DNA methylation has been proposed as an epigenetic mechanism by which early-life experiences become "embedded" in the genome and alter transcriptional processes to compromise health. The authors sought to investigate whether early-life victimization stress is associated with genome-wide DNA methylation.

METHOD:

The authors tested the hypothesis that victimization is associated with DNA methylation in the Environmental Risk (E-Risk) Longitudinal Study, a nationally representative 1994-1995 birth cohort of 2,232 twins born in England and Wales and assessed at ages 5, 7, 10, 12, and 18 years. Multiple forms of victimization were ascertained in childhood and adolescence (including physical, sexual, and emotional abuse; neglect; exposure to intimate-partner violence; bullying; cyber-victimization; and crime).

RESULTS:

Epigenome-wide analyses of polyvictimization across childhood and adolescence revealed few significant associations with DNA methylation in peripheral blood at age 18, but these analyses were confounded by tobacco smoking and/or did not survive co-twin control tests. Secondary analyses of specific forms of victimization revealed sparse associations with DNA methylation that did not replicate across different operationalizations of the same putative victimization experience.

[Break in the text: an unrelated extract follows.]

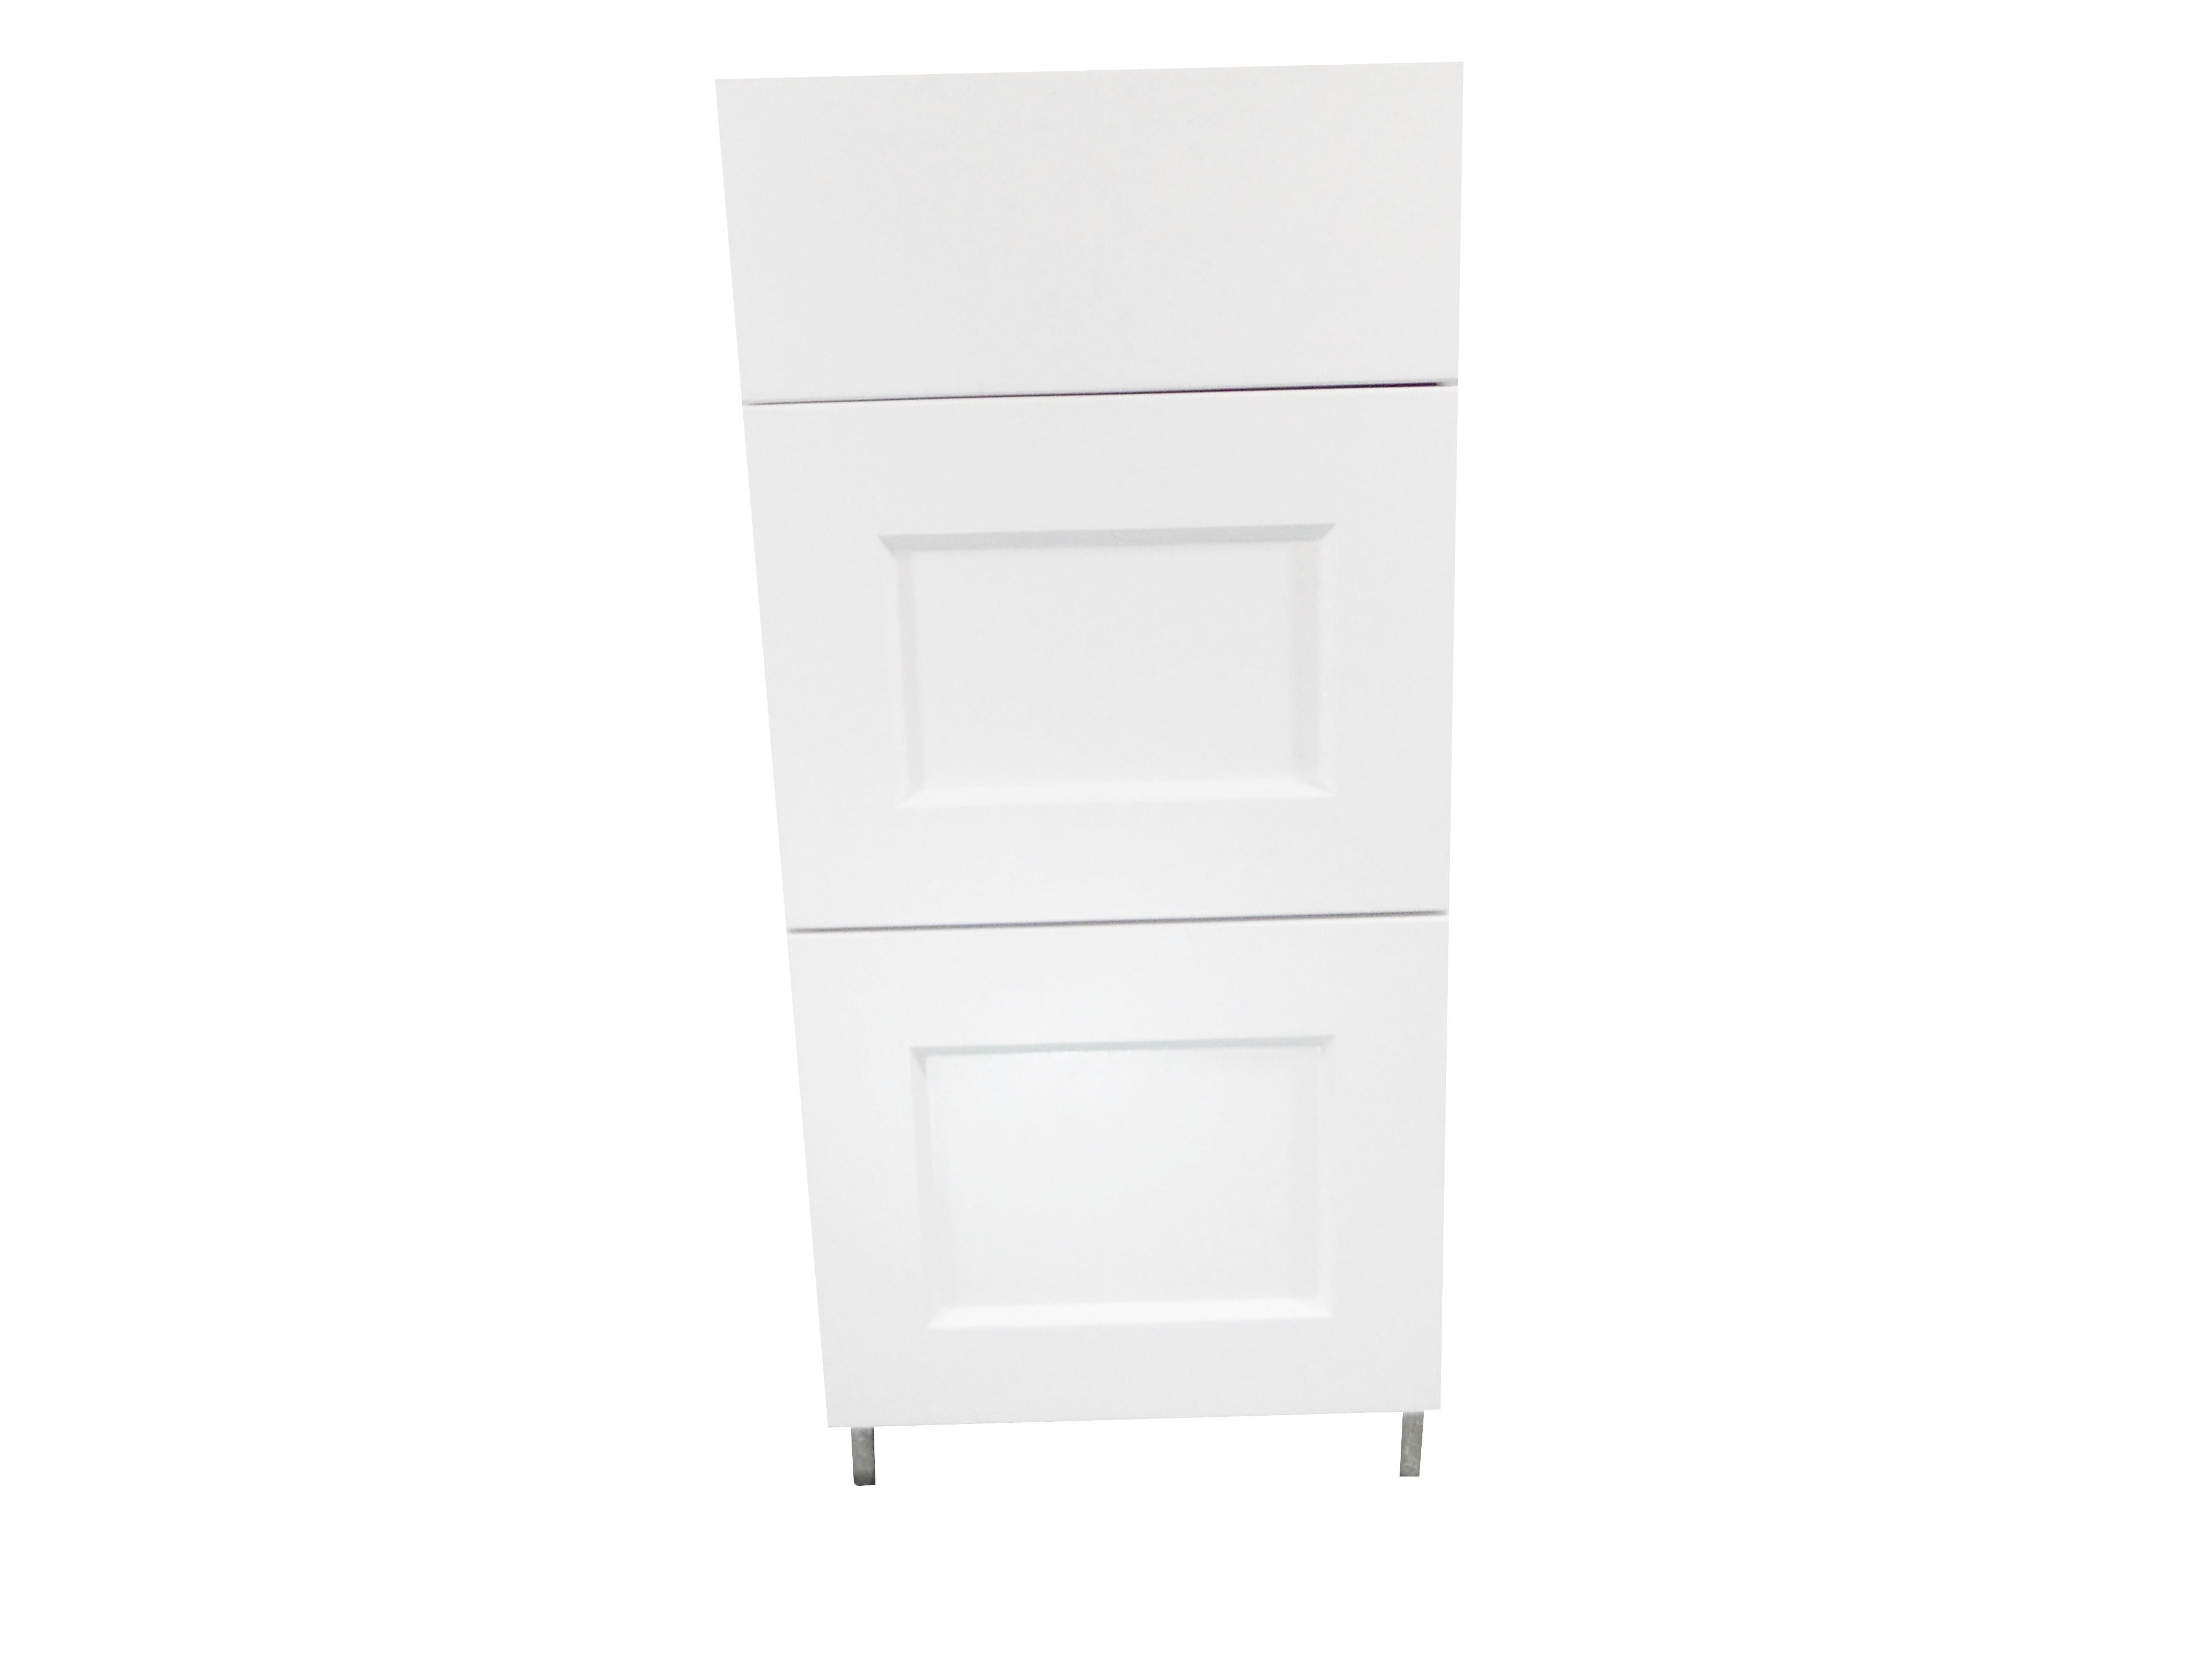 Base Cabinet 3 Drawer Bank / Wistler White / Flat Panel White / 15 Whistler White 0

Hypothesis-driven analyses of six candidate genes in the stress response (NR3C1, FKBP5, BDNF, AVP, CRHR1, SLC6A4) did not reveal predicted associations with DNA methylation in probes annotated to these genes.

CONCLUSIONS:

Findings from this epidemiological analysis of the epigenetic effects of early-life stress do not support the hypothesis of robust changes in DNA methylation in victimized young people. We need to come to terms with the possibility that epigenetic epidemiology is not yet well matched to experimental, nonhuman models in uncovering the biological embedding of stress.